The Petitioner erroneously cites to Branch as though its existence precludes reliance upon Vines for resolution of this matter. Petition at p. 7. It does not. Branch and Vines articulate virtually the same standard for defining misconduct.
The only distinction between these cases is that in addition to articulating the definition of misconduct connected with work that Branch would later follow, Vines also pointed out that the Commission considers insubordination to be misconduct connected with work. Branch does not address in any way whether insubordination is misconduct. Thus the Petitioner interprets this as an overruling of the Vines holding as to insubordination. The fact that Branch does not also address this side issue, however, does not mean Branch overrules Vines' holding as to insubordination.
This Court looks to Commission precedent which has facts similar to those in the present case. We find such precedent in Anderson v. *11Glass Marine, Inc., Commission Decision 13211-C, (April 8, 1980). In Anderson the employee was asked to come to the supervisor for instructions. Anderson responded that he would come later despite the supervisor’s insistence that he come right away. After the third request the supervisor used a derogatory word when he asked Anderson to come, instructing Anderson that if he did not, he would be terminated. The supervisor subsequently discharged Anderson for non-compliance, and an argument between the two ensued. The president of the company then instructed Anderson to obey his supervisor, and when he did not, the supervisor’s discharge of Anderson was confirmed.
The claimant in Anderson asserted the argument now relied upon by Petitioner. They both claim the supervisors’ use of derogatory language justified their subsequent behavior.

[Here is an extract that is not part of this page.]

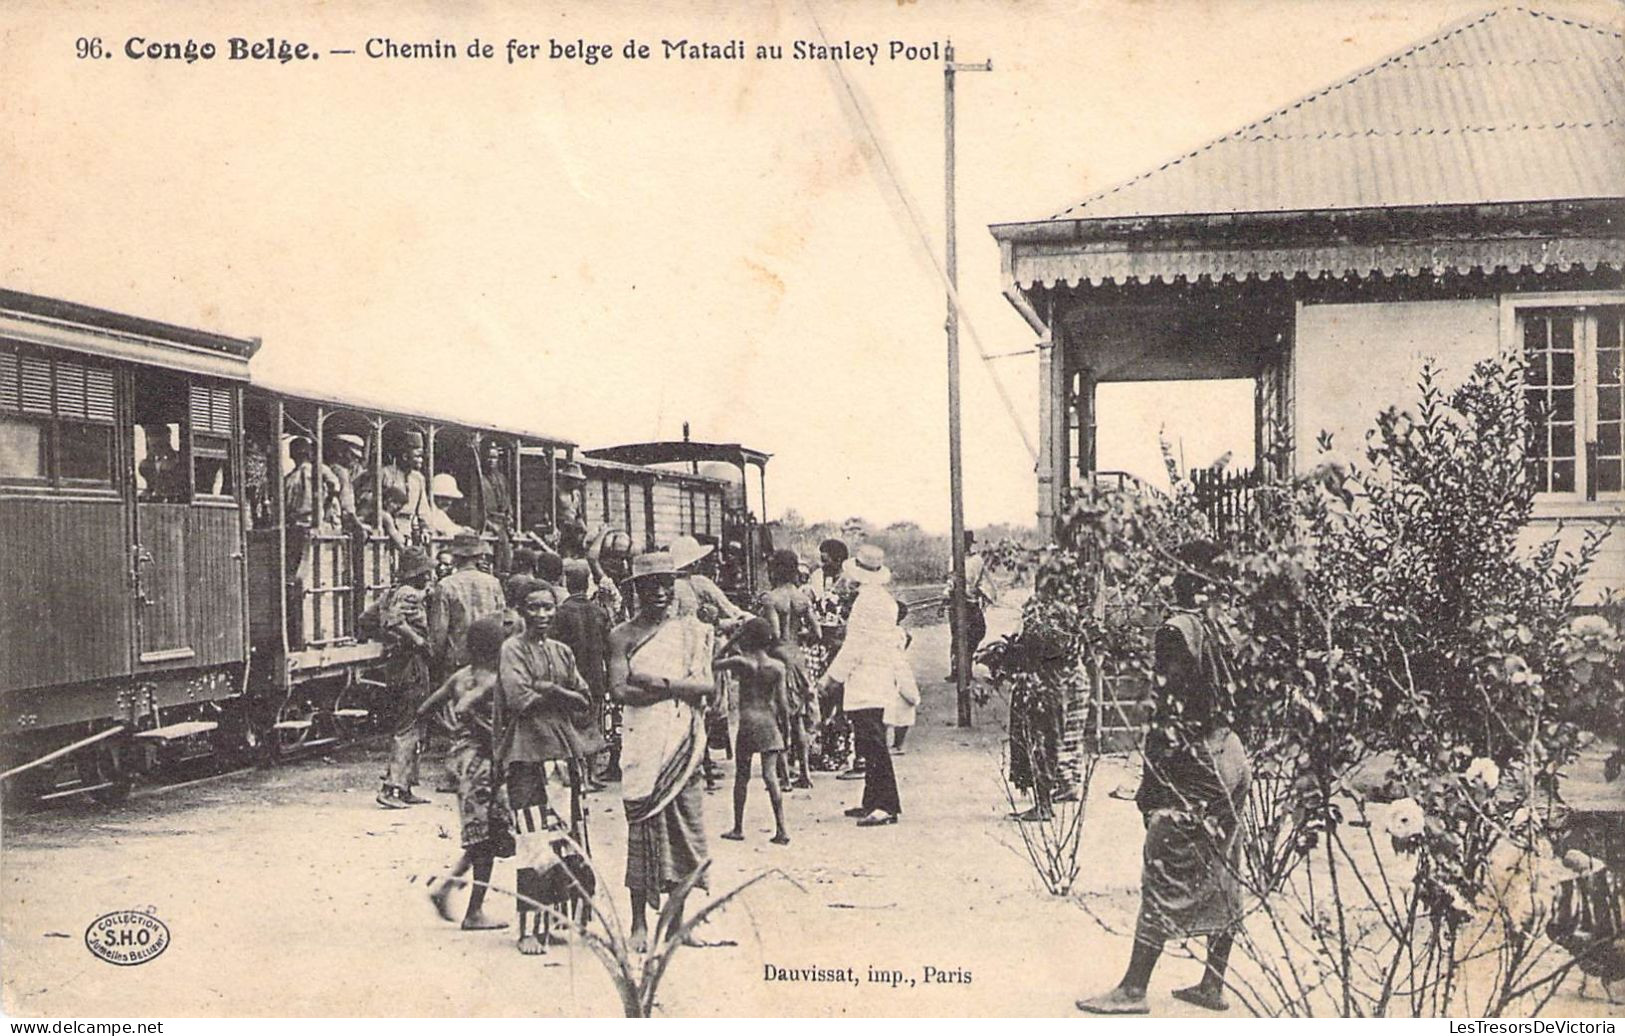 Congo Belge - Chemin De Fer Belge De Matadi Au Stanley Pool - Dauvissat - Animé - Train  - Carte Postale Ancienne - Belgian Congo

The Court today follows the reasoning of the Commission in Anderson, wherein the claimant was denied unemployment compensation benefits. Applying the words of the Anderson opinion to the present case:
This claimant certainly should have known that [the] refusal to perform assigned duties would result in termination .... The supervisor’s use of the profane expletive in instructing the claimant certainly did not justify the claimant’s refusal to abide by instructions.
Anderson, Decision of Commission at para. 8.
It is hereby concluded that the Petitioner was terminated for reasons which constitute a discharge for misconduct in connection with work and is therefore disqualified for unemployment compensation benefits.
The decision of the Virginia Employment Commission is affirmed.